My confusion was based on what we used to do with dedicated photographic light bulbs. As these are (were) quite expensive a common trick was to put two of them in series so the voltage for each was lowered from 220V to 110V making them less bright and last way longer. But they both still got warm and both obviously used energy.

Now I think that may be due to the actual construction of the resistor (lamp) as a light emitting product.

Another confusing thing is when playing guitar over a tube amp. To get that real rock&roll sound you have to crank it wide open, but as neighbors usually have axes we used a ceramic resistor (forgot the specific name) to reduce the power delivered to the speakers. In my recollection these became hot as well.

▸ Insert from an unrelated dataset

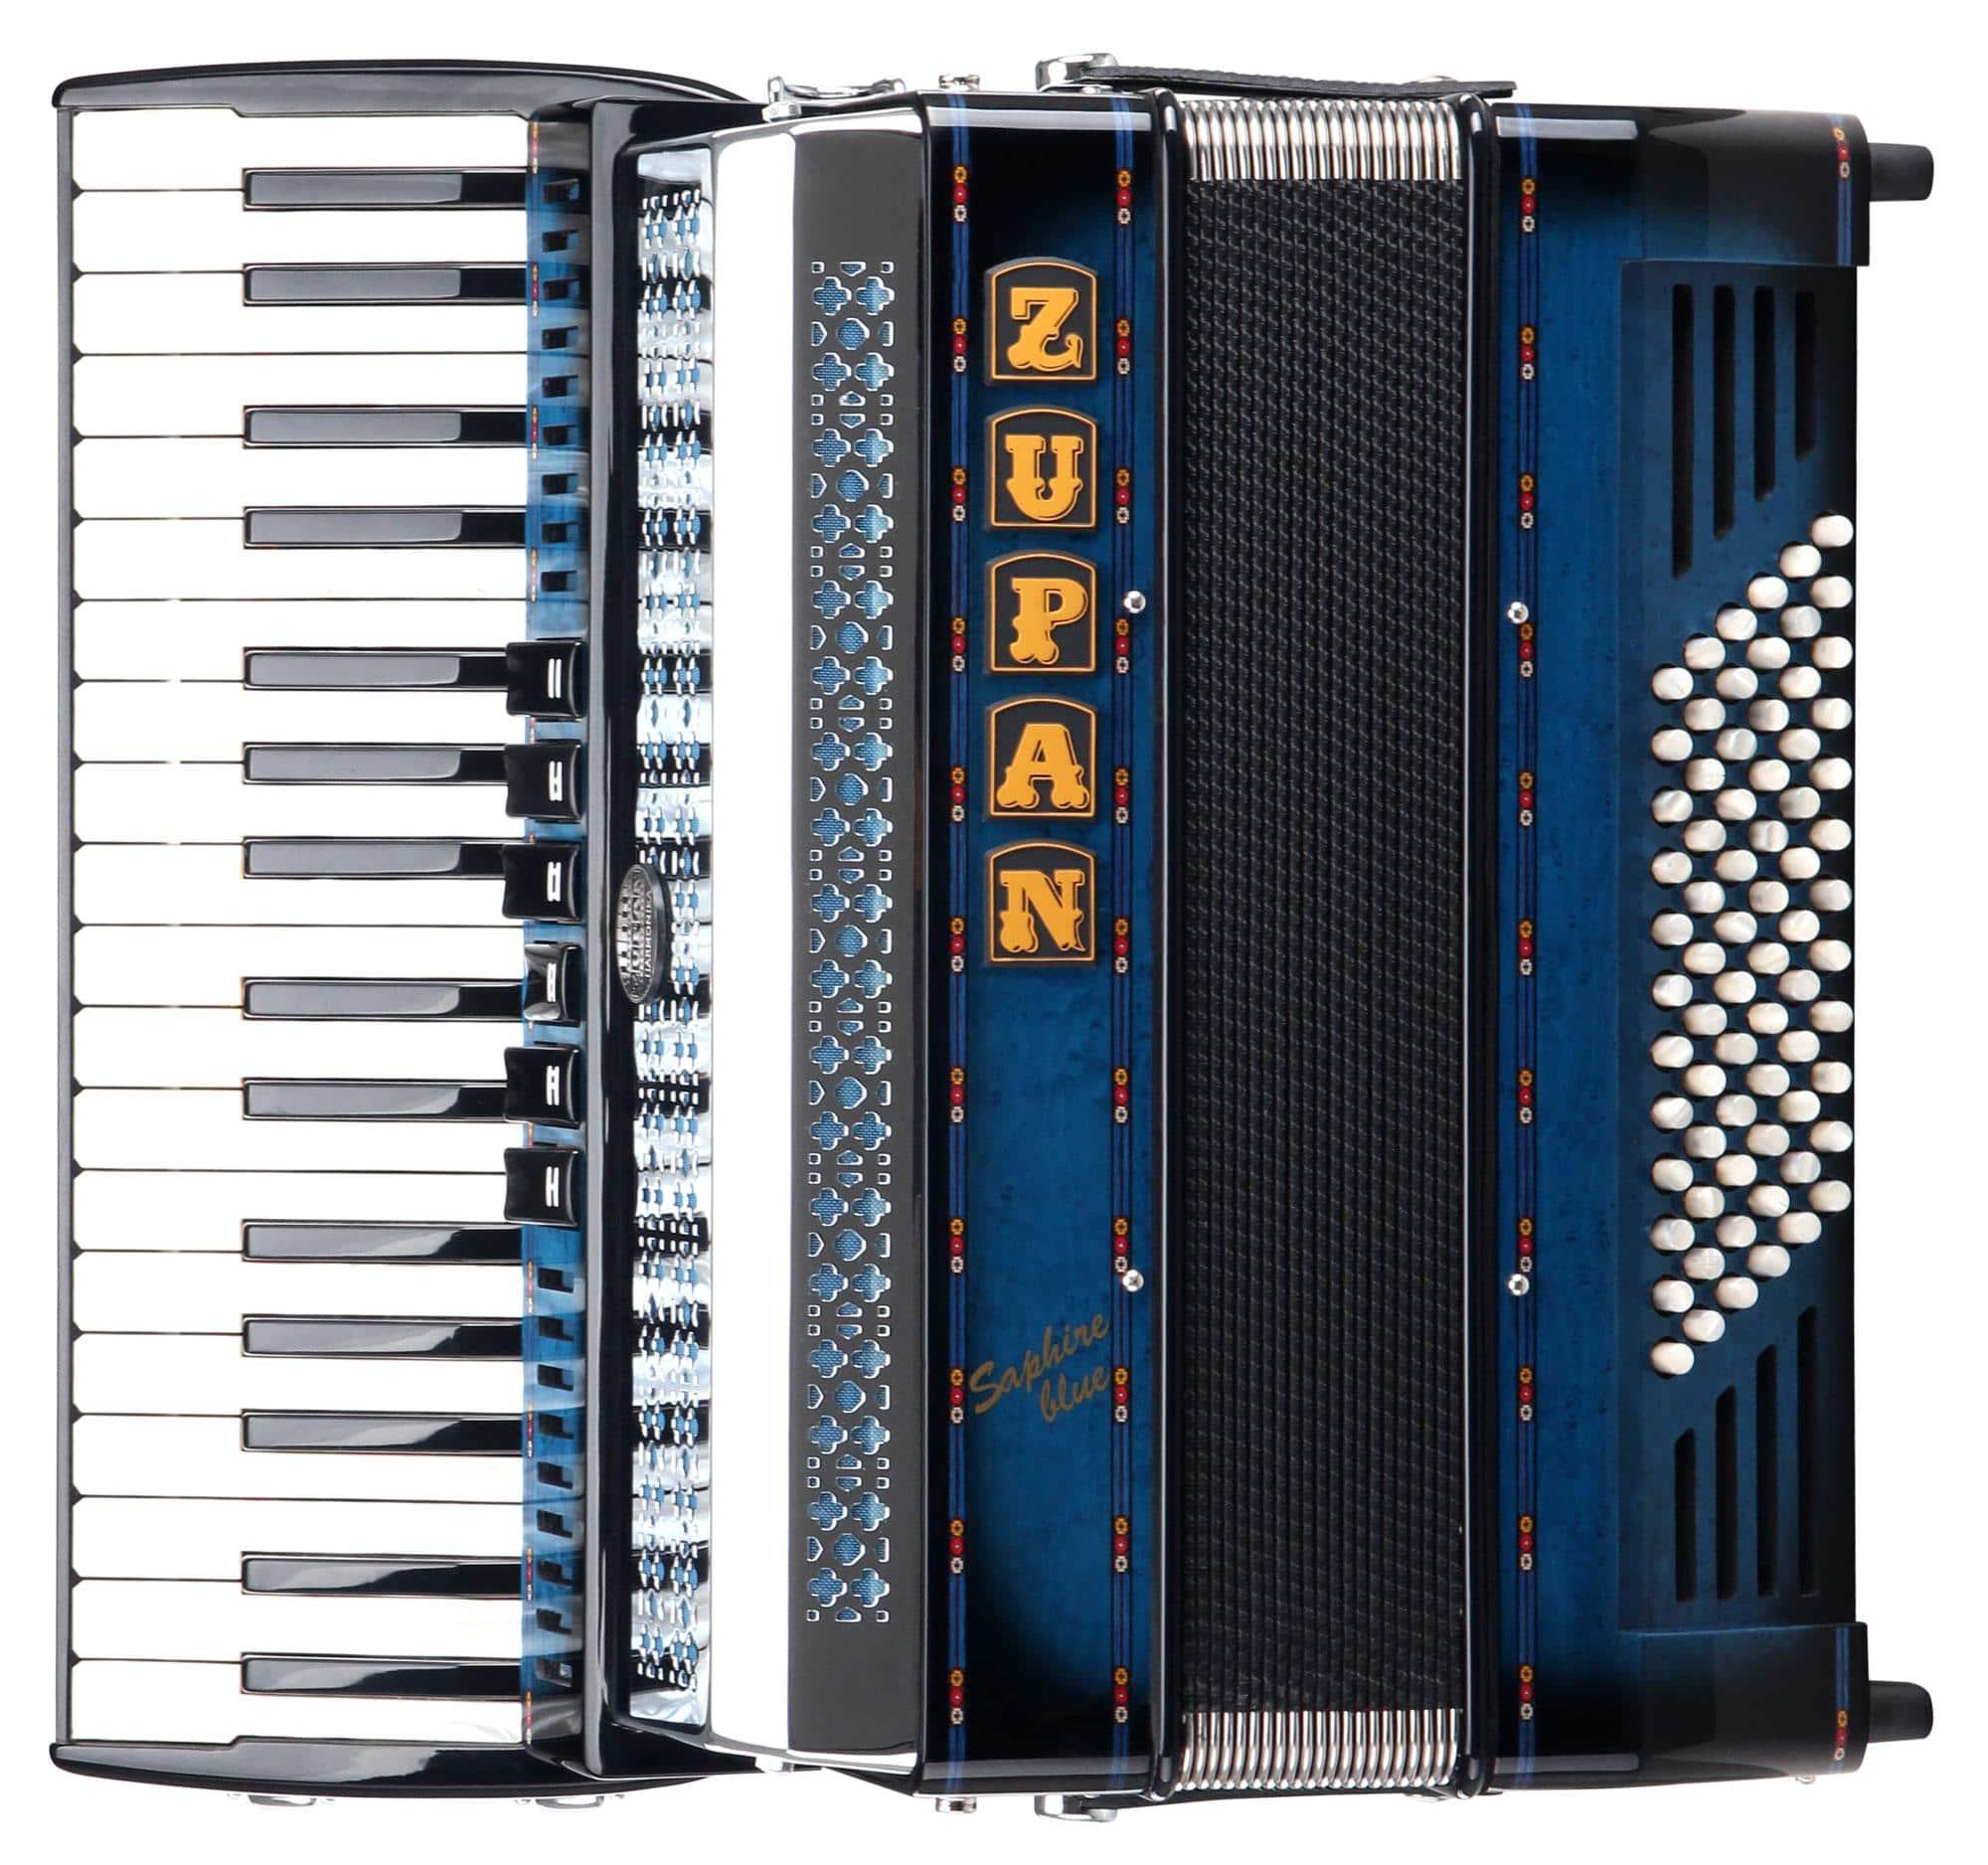 Akkordeons - Zupan Saphire III 72 MH Akkordeon Shadow Blue - Onlineshop Musikhaus Kirstein
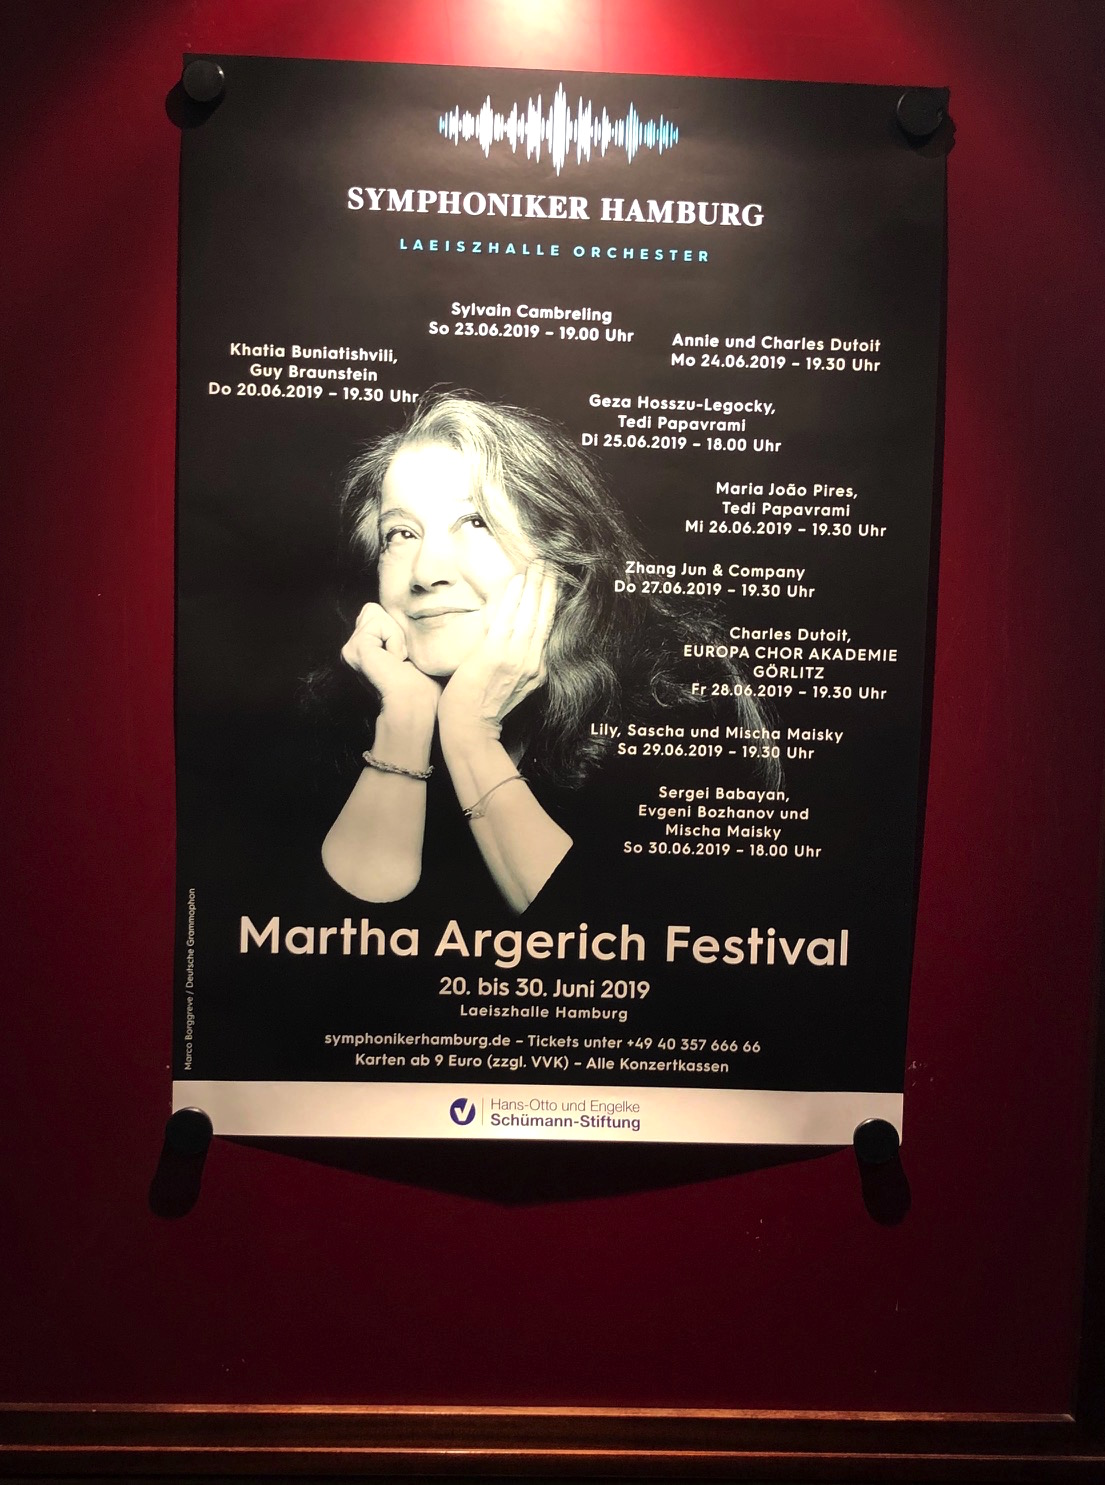 Martha Argerich Festival

Anyway what I'm doing is this: http://www.raspberrypi-spy.co.uk/2012/08/reading-analogue-sensors-with-one-gpio-pin/#more-520 which works well with the photo resistor I knew I had lying around (and took me only an hour to find ). I wanted to make a light switch/trap where I can record and act open when a piece of paper is placed between the LED and the photo cell. But the LED (3.1-3.3V) was too bright, for it saturated the photo cell even when the paper was in place. Thus I needed to dim the LED and found that a 10K resistor did the trick, but then wondered where the energy went.

BTW how long does it take an electron to travel through a, say, 10cm piece of wire? And do they go slower when they travel upwards in a vertical piece of wire and faster if they travel downward? One fool...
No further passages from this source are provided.